Facial recognition has been on my radar for a while. Throughout my career, I’ve covered major new offerings from billion-dollar companies at places like Forbes and Gizmodo: Facebook automatically tags your friends in photos; Apple and Google let people look at their phones to unlock them; digital billboards from Microsoft and Intel with cameras that detect age and gender to show passers-by appropriate advertisements.
I had written about how this sometimes clunky and error-prone technology excited law enforcement and industry but frightened privacy-conscious citizens. As I processed what Clearview claimed it could do, I thought back to a federal workshop I had attended years earlier in Washington, DC, where industry representatives, government officials, and privacy advocates had sat down to hammer out the rules of the road.
The one thing they all agreed on was that no one should roll out an application to identify strangers. It was too dangerous, they said. A weirdo in a bar could take a photo of you and within seconds know who your friends were and where you lived. It could be used to identify anti-government protesters or women who walked into Planned Parenthood clinics. It would be a weapon of intimidation and intimidation. Accurate facial recognition, on the scale of hundreds of millions or billions of people, was the third rail of technology. And now Clearview, an unknown player in the field, claimed to have built it.
I was skeptical. Startups are notorious for making grandiose claims that amount to nothing. Even Steve Jobs famously recreated the capabilities of the original iPhone when he first unveiled it on stage in 2007.*
We tend to believe that computers have almost magical powers, that they can come up with the solution to any problem and, given enough data, ultimately solve it better than humans. So investors, customers and the public can be misled by outrageous claims and digital sleights of hand from companies that are striving to do something great but aren’t quite there yet.
But in this confidential legal memo, Clearview’s high-profile attorney Paul Clement, who had been the United States Attorney General under President George W. Bush, claimed to have tried the product with lawyers from his firm and “found that it delivers fast and accurate search results.”

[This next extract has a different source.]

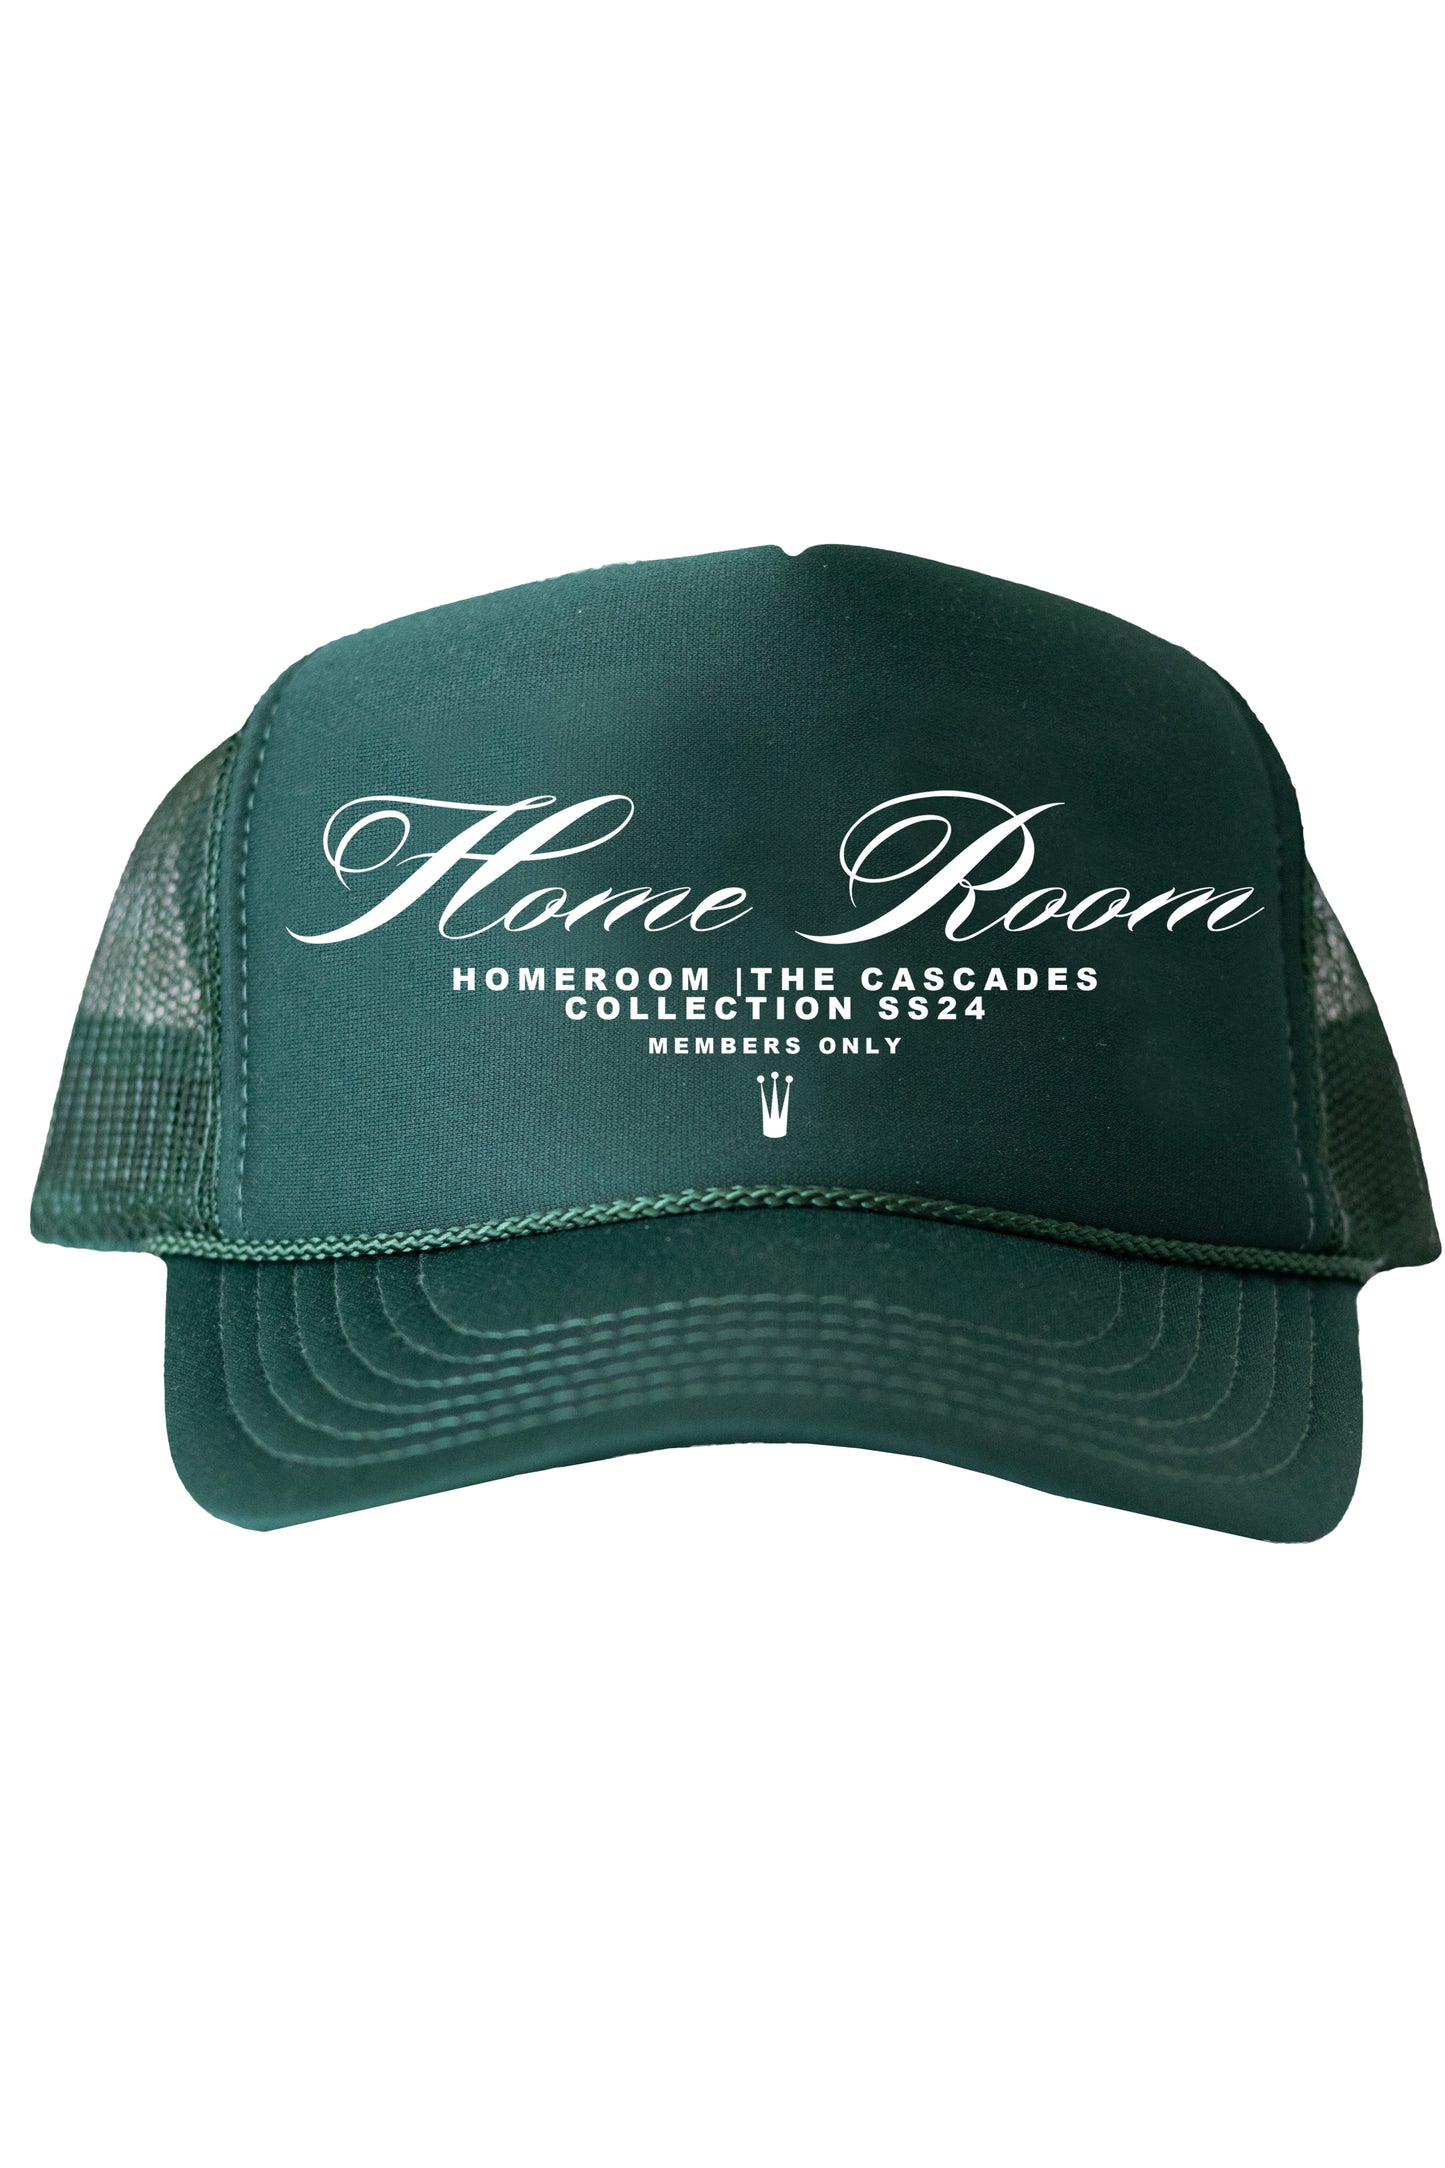 HOMEROOM-"MEMBERS ONLY" Script (Green Trucker Hat)

Clement wrote that more than 200 law enforcement agencies were already using the tool and that he had determined that they “do not violate the Federal Constitution or relevant existing state biometric and privacy laws when using Clearview for its intended purpose.” Not only were hundreds of police departments secretly using this technology, but the company also hired a fancy lawyer to reassure officers that they were not committing a crime by doing so.
I returned to New York with an impending birth deadline. I had three months to get to the bottom of this story, and the deeper I dug, the weirder it got…

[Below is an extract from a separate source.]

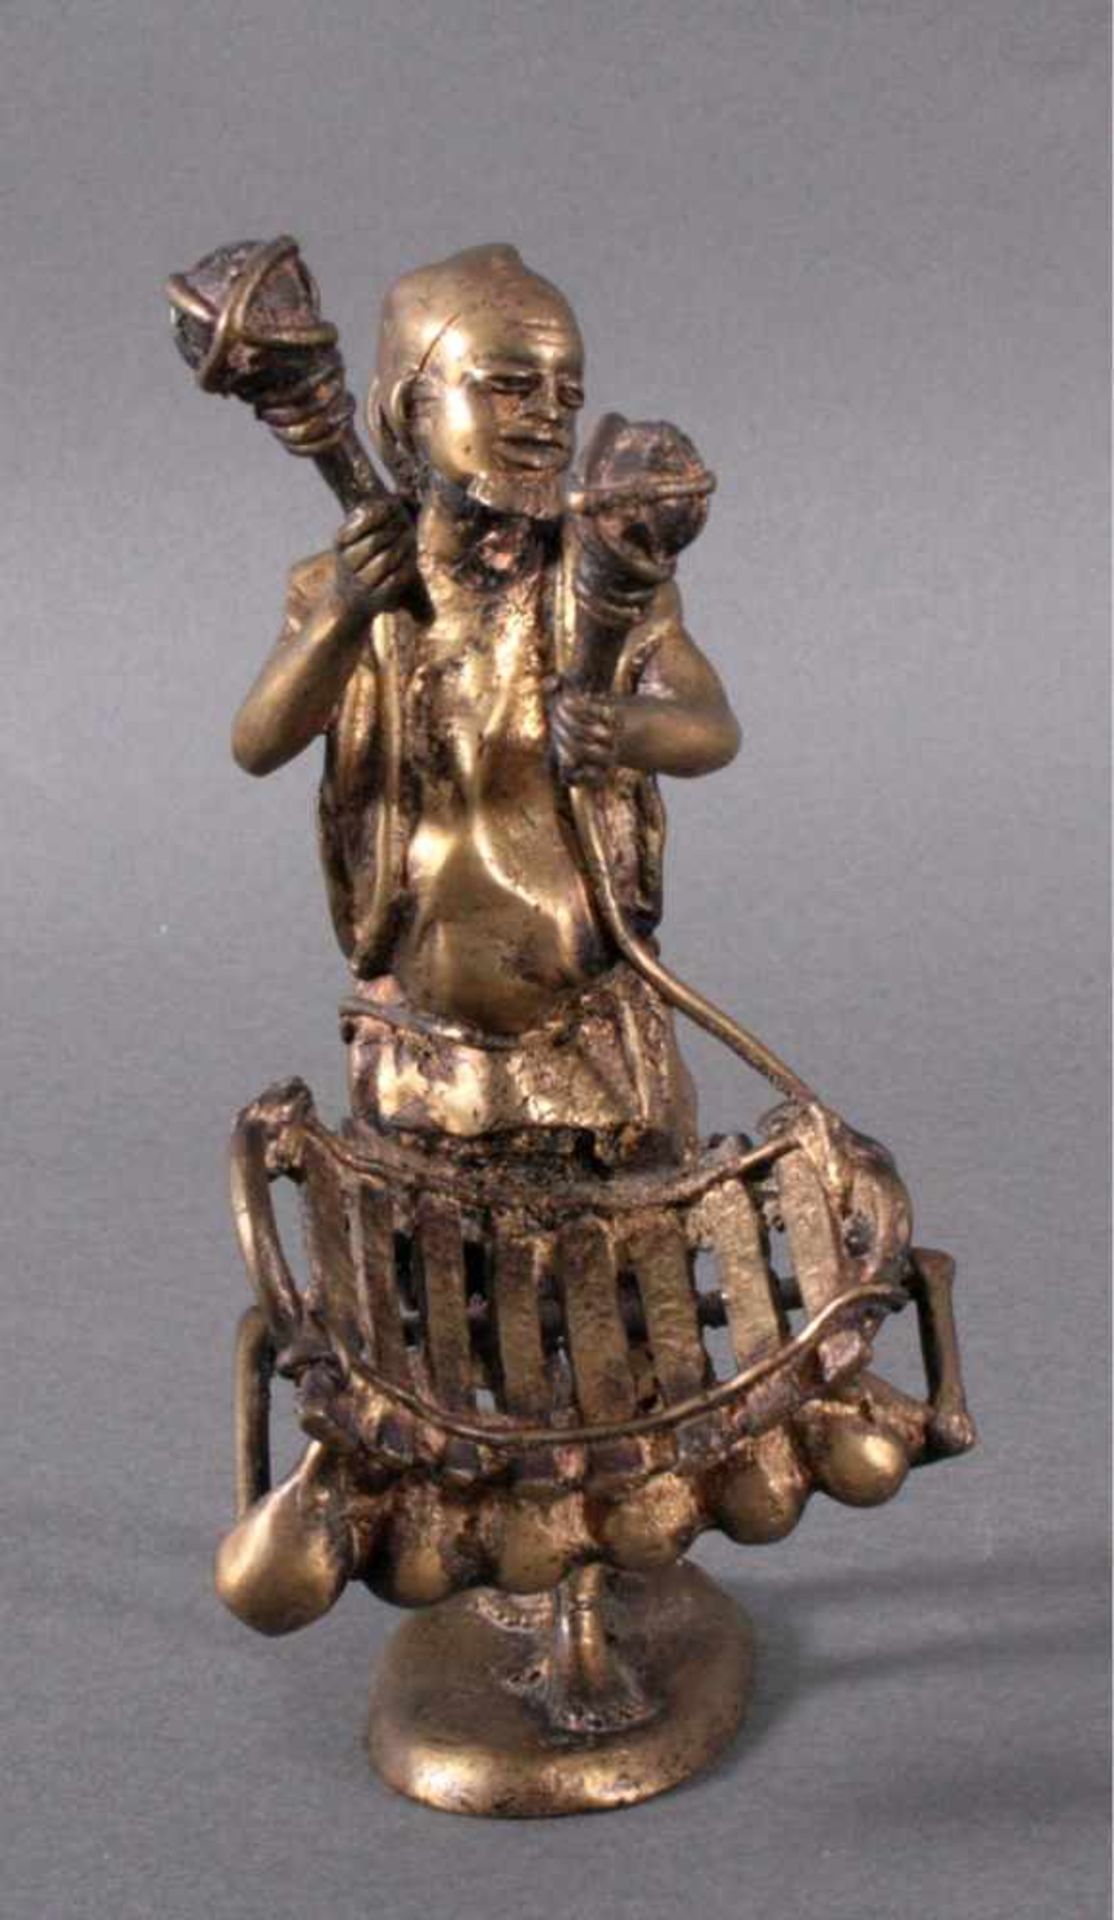 Bronzefigur ChinaGlockenspieler, ovaler Stand, detailliert gearbeitet,verlorene Form, ca. H- 21 cm - Bild 2 aus 5

Concerns about facial recognition had been growing for decades. And now the vague bogeyman had finally found its form: a small company with mysterious founders and an unfathomably large database. And none of the millions of people who made up that database had given permission for that. Clearview AI represents our worst fears, but also finally offers the opportunity to confront them.
*Steve Jobs came up with a quick fix, hiding the iPhone prototype’s memory problems and frequent crashes by having his engineers spend countless hours finding a “golden path”: a specific set of tasks that the phone could perform without any problems .
Kashmir Hill’s Your Face Belongs to Us: The Secretive Startup Dismantling Your Privacy Shortlisted for the 2024 Royal Society Trivedi Science Book Prizewhich celebrates the best popular science writings from around the world.